The ministry routinely issues updates via its Facebook page, where many Egyptians left comments expressing their doubts about the initial official version of events.

“By god, shame on you for treating us this way and telling us this was an accident due to a car driving in the opposite direction,” said one commenter.

The exterior of the National Cancer Institute the day after the blast. Photo: AFP

In a post on his official Facebook and Twitter feeds on Monday, Egyptian president Abdel Fatah al-Sisi called the explosion a “terrorist incident”.

“I extend my deepest condolences to the Egyptian people and the families of the martyrs killed in the cowardly terrorist incident,” the post read.

Egypt has been hit by a number of blasts in recent times.

A parked car exploded in the central Dokki neighbourhood of Cairo last August, injuring at least three people. Egyptian officials speculated that a faulty car battery sparked the explosion, causing a fire that damaged a nearby minibus.

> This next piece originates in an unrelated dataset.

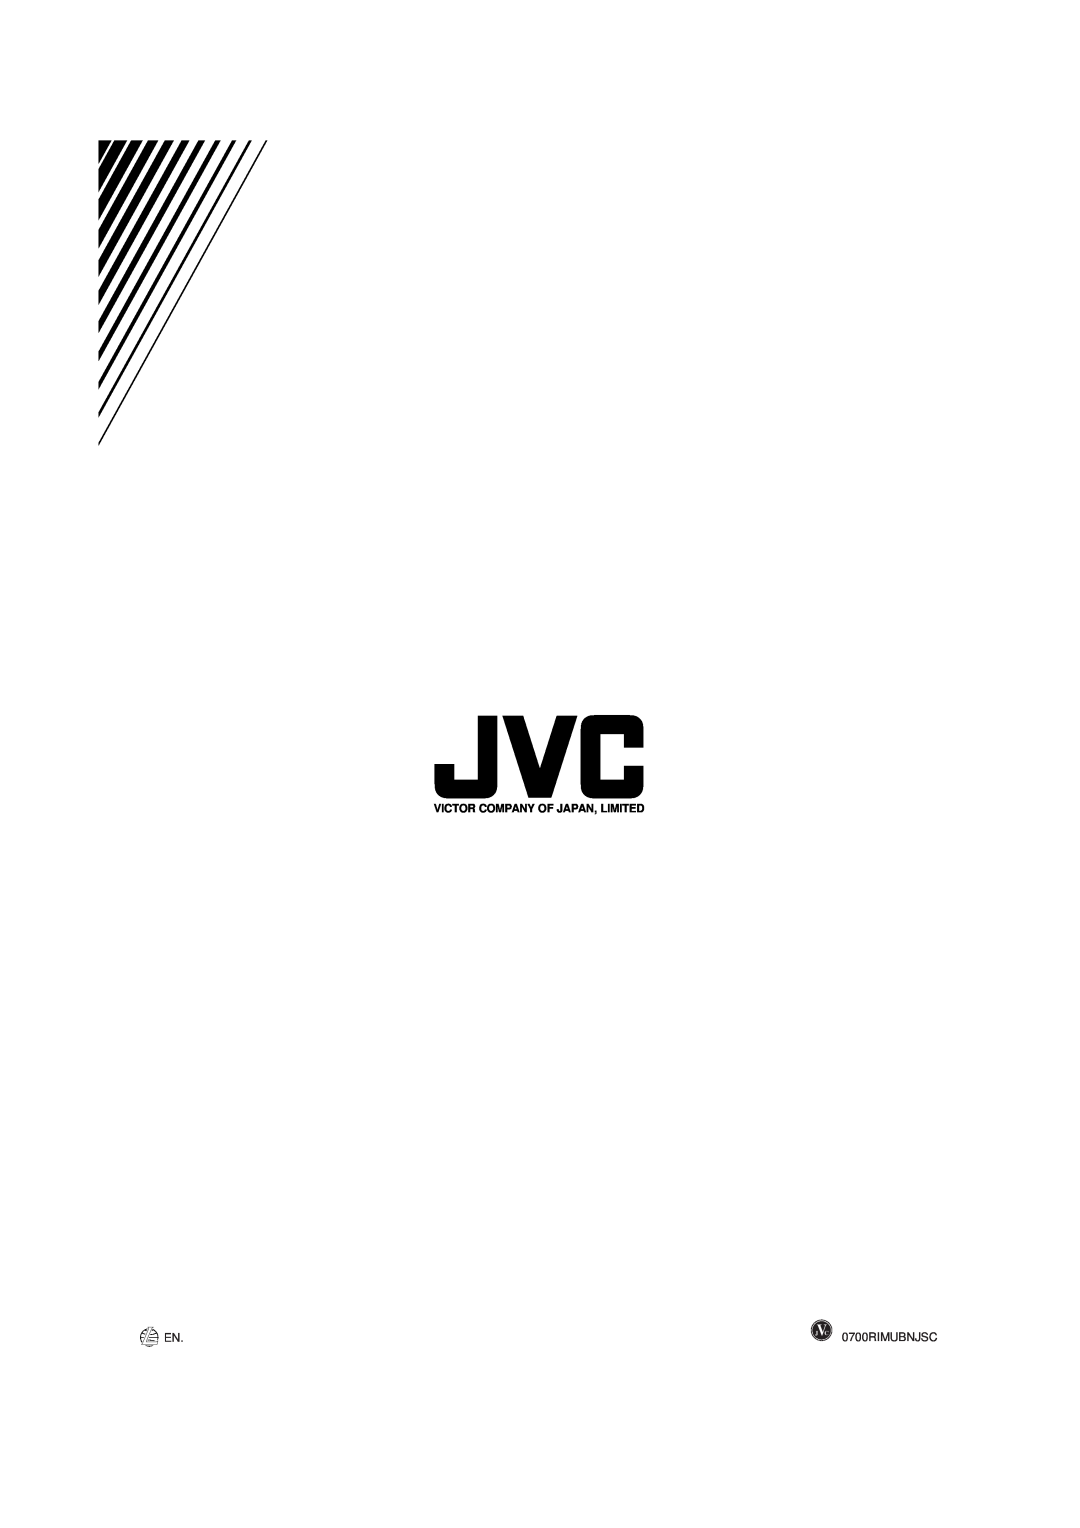 JVC XV-521BK manual 0700RIMUBNJSC, Victor Company Of Japan, Limited

A series of violent explosions shook the Egyptian capital in 2015, including a car bomb which destroyed part of the Italian consulate adjoining Cairo’s Tahrir Square and a blast targeting a security building in the Shubra al-Khaima neighbourhood in the north of the city.

Roadside bomb injures tourists on bus near Egypt’s famed pyramids

In 2014, four blasts occurring in one evening killed six people and injured 80 in downtown Cairo in a string of attacks targeting police.

Islamist militants have systematically targeted police and security institutions since the violent overthrow of the former president, Mohammed Mursi in 2013, including a car bomb which struck the motorcade of former top prosecutor Hisham Barakat, one of the highest profile assassinations in the country’s history.

Al-Sisi, the president, launched what he promised would be a comprehensive operation to “clear Egypt’s territory of terrorist elements,” in February 2018, focused on the restive northern Sinai peninsula, Egypt’s western desert and Nile Delta. The operation began two months after gunmen and explosions targeted a mosque in northern Sinai, killing 305 people.